Fourth, efforts to establish formal channels for humanitarian trade with Iran are advancing. While medicine, food, and other humanitarian goods are ostensibly exempt from U.S. sanctions, the Trump administration's failure to designate proper financial channels to facilitate these transactions has depleted such trade with Iran. However, Reuters reports that U.S. and Swiss officials are now at the final stages of setting up a new humanitarian channel for Iran. According to a member of Tehran's Chamber of Commerce, Washington has given several U.S. companies licenses recently to export medicine to Iran. Two Iranian banks have reportedly been approved by the Treasury Department to facilitate these transactions.
Fifth, the recent U.S.-Iran prisoner exchange is catalyzing diplomatic momentum. Both President Trump and Iranian Foreign Minister Javad Zarif lauded the successful exchange of Iranian scientist Masoud Soleimani and Princeton Ph.D. student Xiyue Wang and said it could lead to more deals. Such prisoner exchanges are the low-hanging fruit for U.S.-Iran diplomacy and help build confidence between the two sides. Iran's foreign ministry has since expressed its willingness to exchange all U.S. and Iranian prisoners as "part of a package." Notably, the U.S. recently dropped charges against two other Iranian scientists.
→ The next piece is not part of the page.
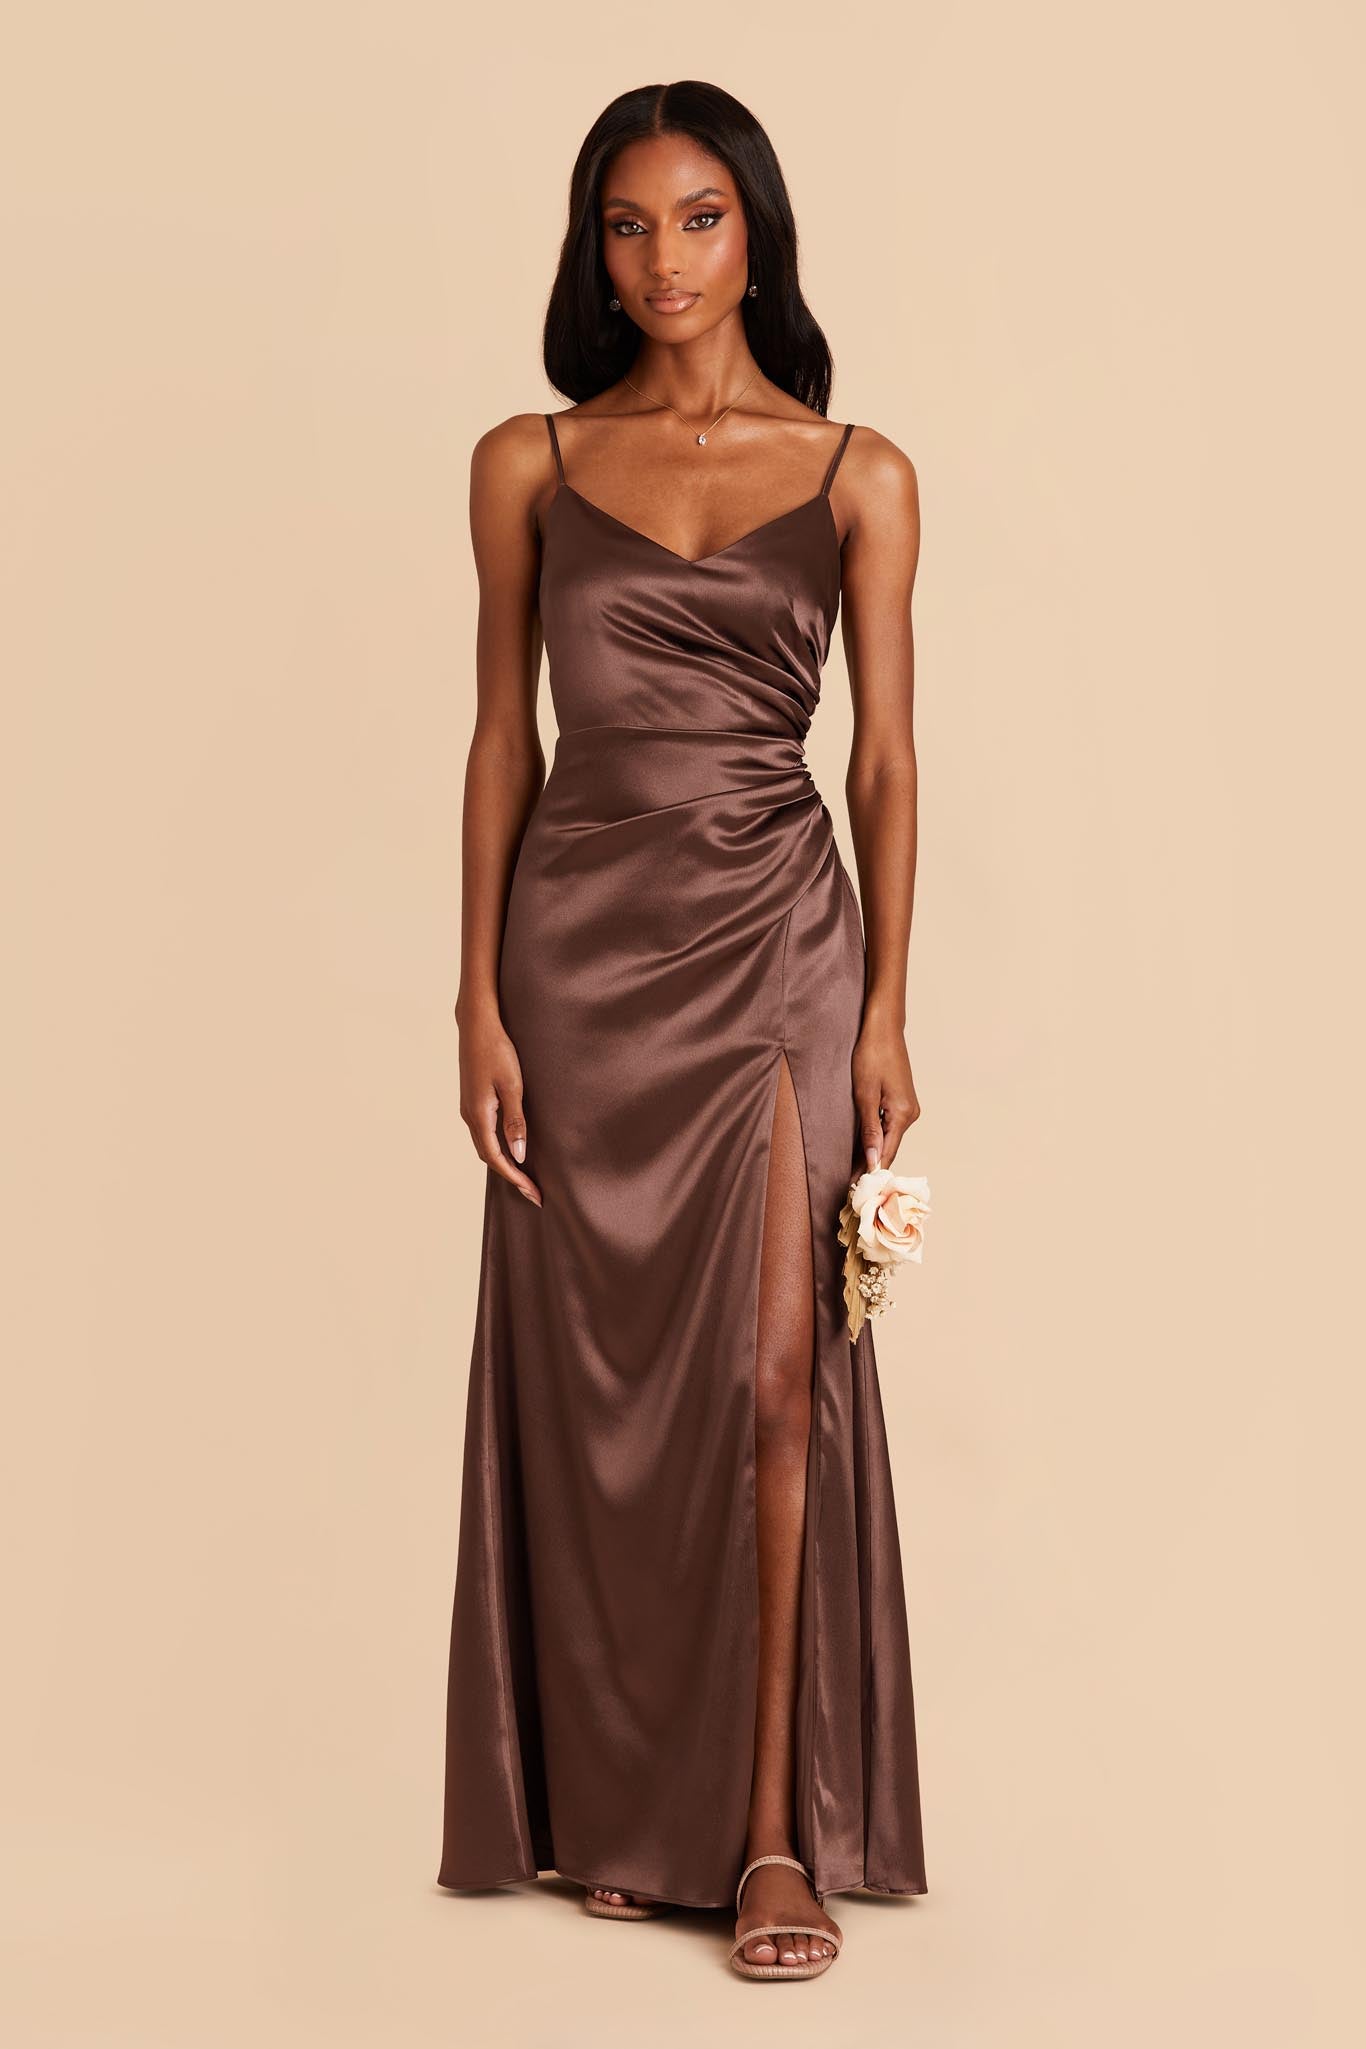 Chocolate Brown Catherine Shiny Satin Dress by Birdy Grey

The sixth and final reason for why the U.S. and Iran may be on the verge of diplomatic progress is the change in personnel in the Trump administration. The major drivers of Trump's Iran policy have been Pompeo and former National Security Advisor John Bolton. Both have track records of opposing U.S.-Iran diplomacy in principle and favoring U.S. military strikes against Iran. They have not shared Trump's seeming aim for "maximum pressure" to lead to diplomacy and not war or regime change. With Bolton's ouster rooted in conflicts with Trump, including over Iran policy, and Pompeo's expected departure from the administration to run for Senate, the main hardline forces within the administration obstructing diplomacy will be gone.
The U.S. and Iran are currently locked in a stalemate. However, the status quo has borne costs for both countries and regional and global stability. For President Trump, getting any sort of diplomatic progress with Iran now — whether in the form of a phone call or meeting with Rouhani or some other Iranian concession — could be sold as a political victory ahead of the presidential election. For Rouhani and his moderate-reformist faction, de-escalation with the U.S. and economic reprieve is vital for their political survival and chances in February's parliamentary election.
A "small" deal now, perhaps in the form of some sanctions relief for Iran and for both sides to cease further escalation, is possible and vitally necessary to build trust and set the stage for a potential bigger deal in President Trump's second term — should he be victorious in November.